A ghrelin gene variant may predict crossover rate from restricting-type anorexia nervosa to other phenotypes of eating disorders: a retrospective survival analysis

Abstract

Background: Patients with anorexia nervosa restricting type (AN-R) often develop bulimic symptoms and crossover to AN-binge eating/purging type (AN-BP), or to bulimia nervosa (BN). We have reported earlier that genetic variants of an orexigenic peptide ghrelin are associated with BN. Here, the relationship between a ghrelin gene variant and the rate of change from AN-R to other phenotypes of eating disorders (EDs) was investigated.

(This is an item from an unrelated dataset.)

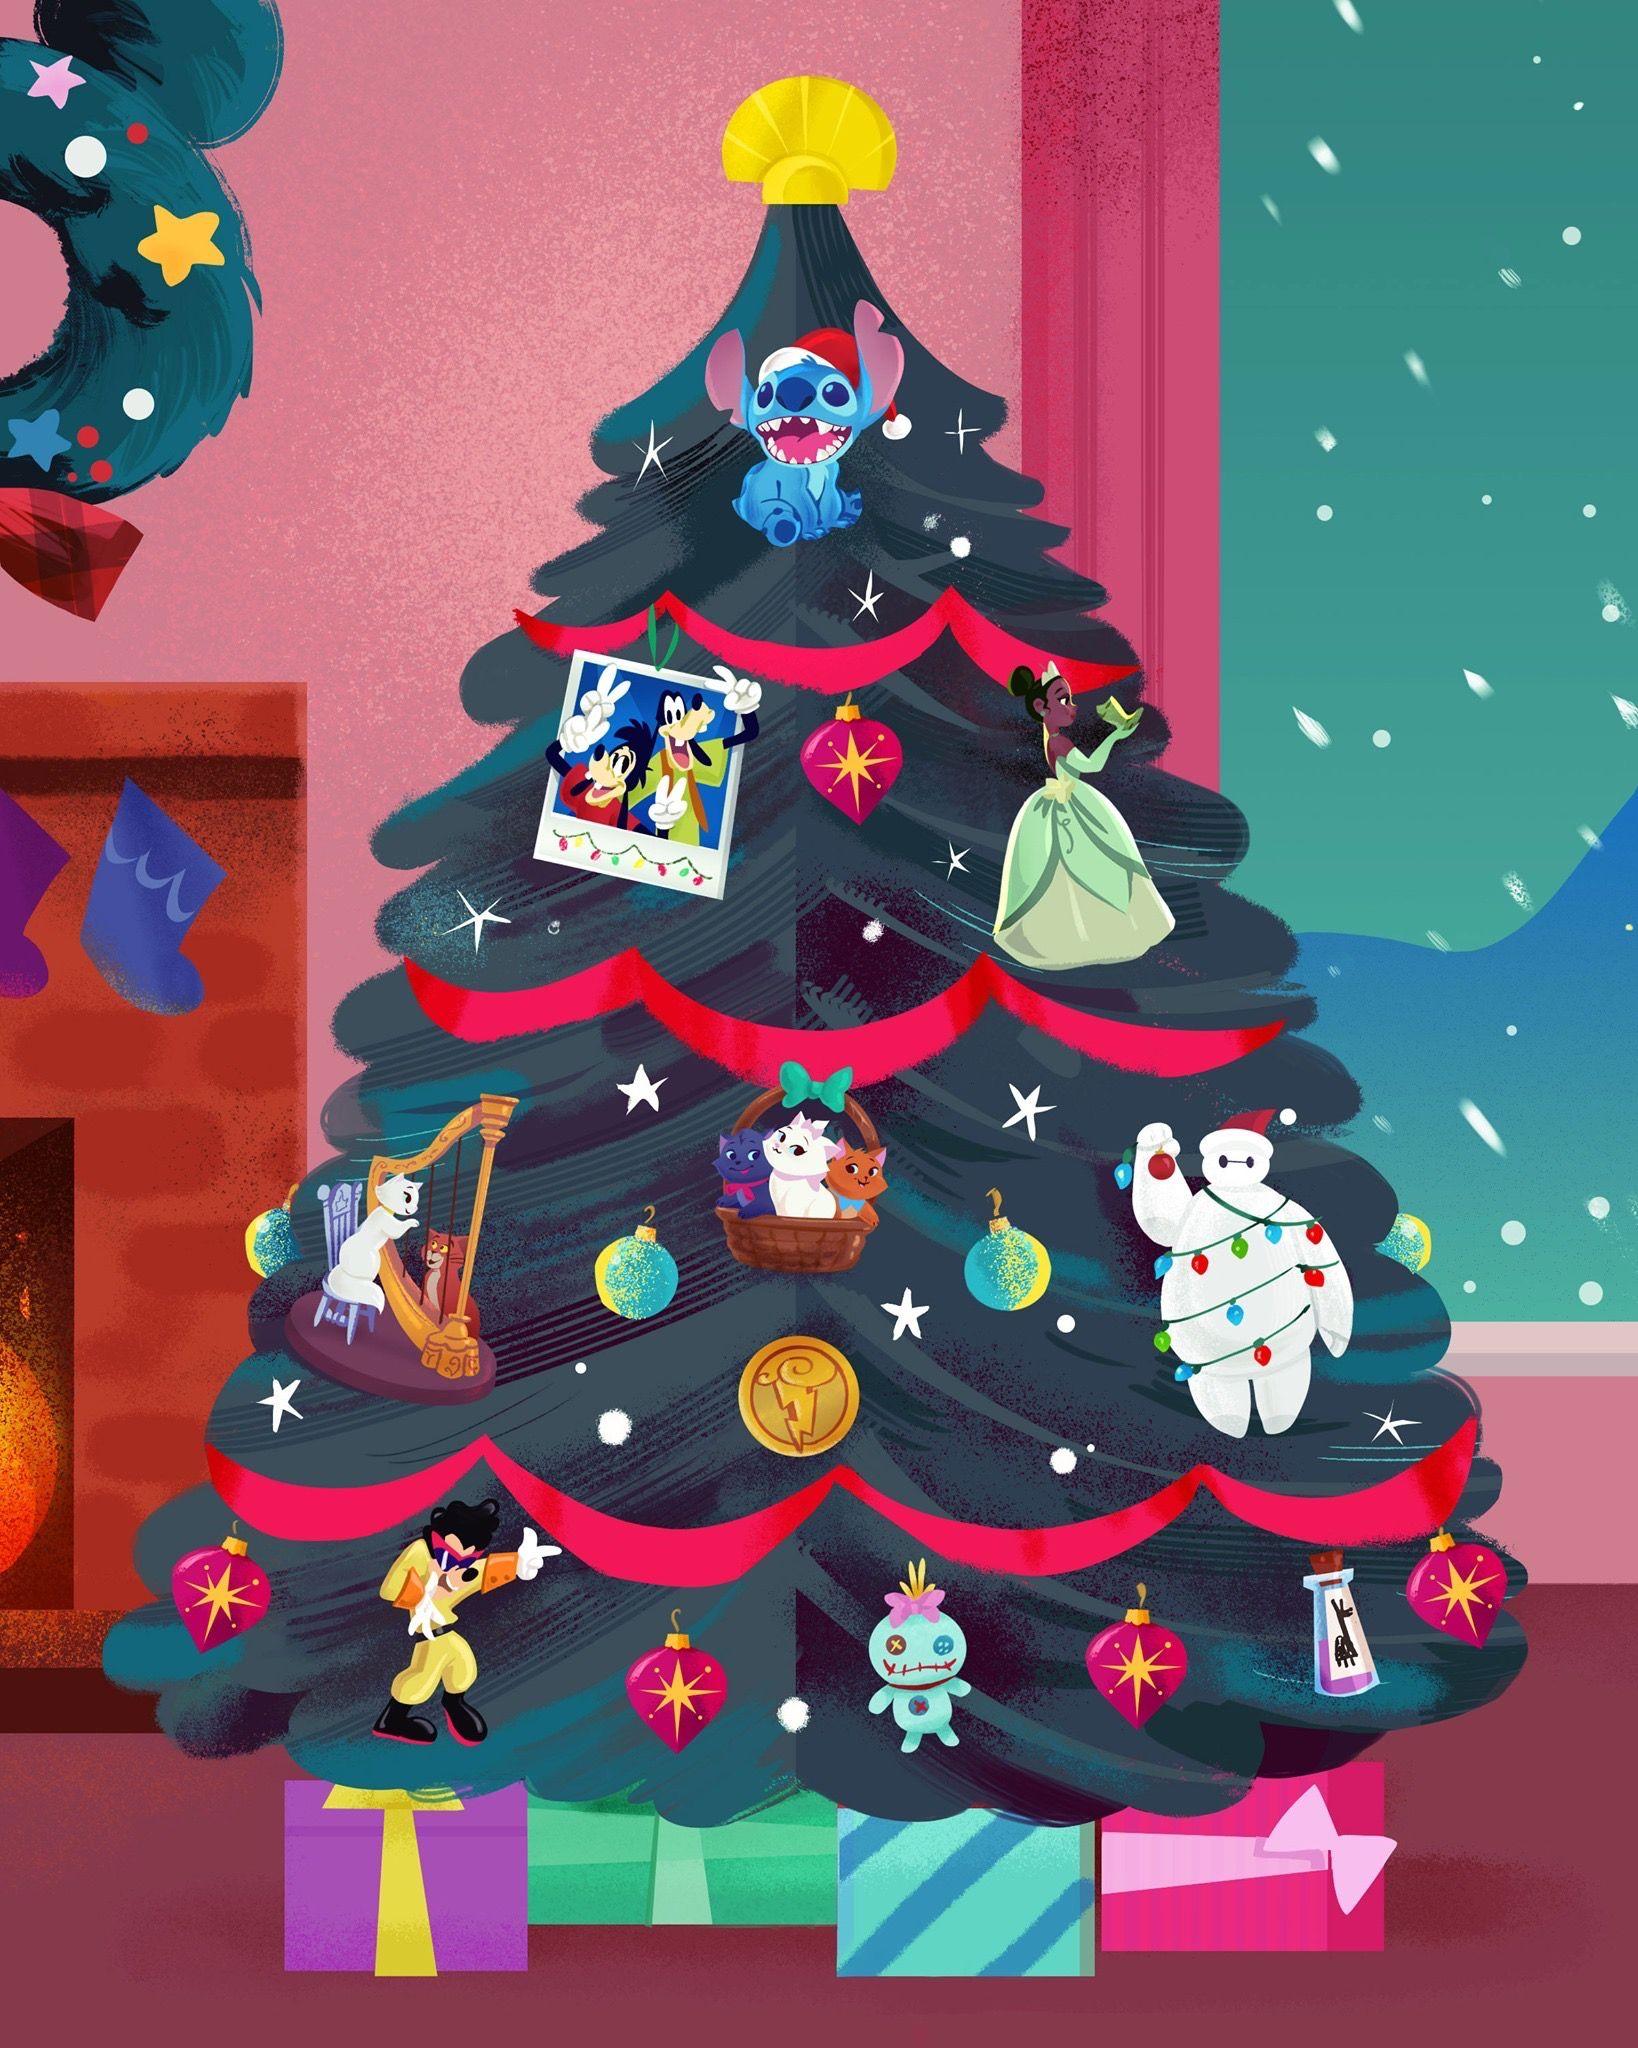 Pin By Wm On Disney Christmas Wallpaper

Methods: Participants were 165 patients with ED, initially diagnosed as AN-R. The dates of their AN-R onset and changes in diagnosis to other subtypes of ED were investigated retrospectively. Ghrelin gene 3056 T-->C SNP (single nucleotide polymorphism) was genotyped. Probability and hazard ratios were analyzed using life table analysis and Cox's proportional hazard regression model, in which the starting point was the time of AN-R onset and the outcome events were the time of (i) onset of binge eating, that is, when patients changed to binge eating AN and BN and (ii) recovery of normal weight, that is, when patients changed to BN or remission.

Results: Patients with the TT genotype at 3056 T-->C had a higher probability and hazard ratio for recovery of normal weight. The ghrelin SNP was not related with the onset of binge eating.

Conclusion: The 3056 T-->C SNP of the ghrelin gene is related to the probability and the rate of recovery of normal body weight from restricting-type AN.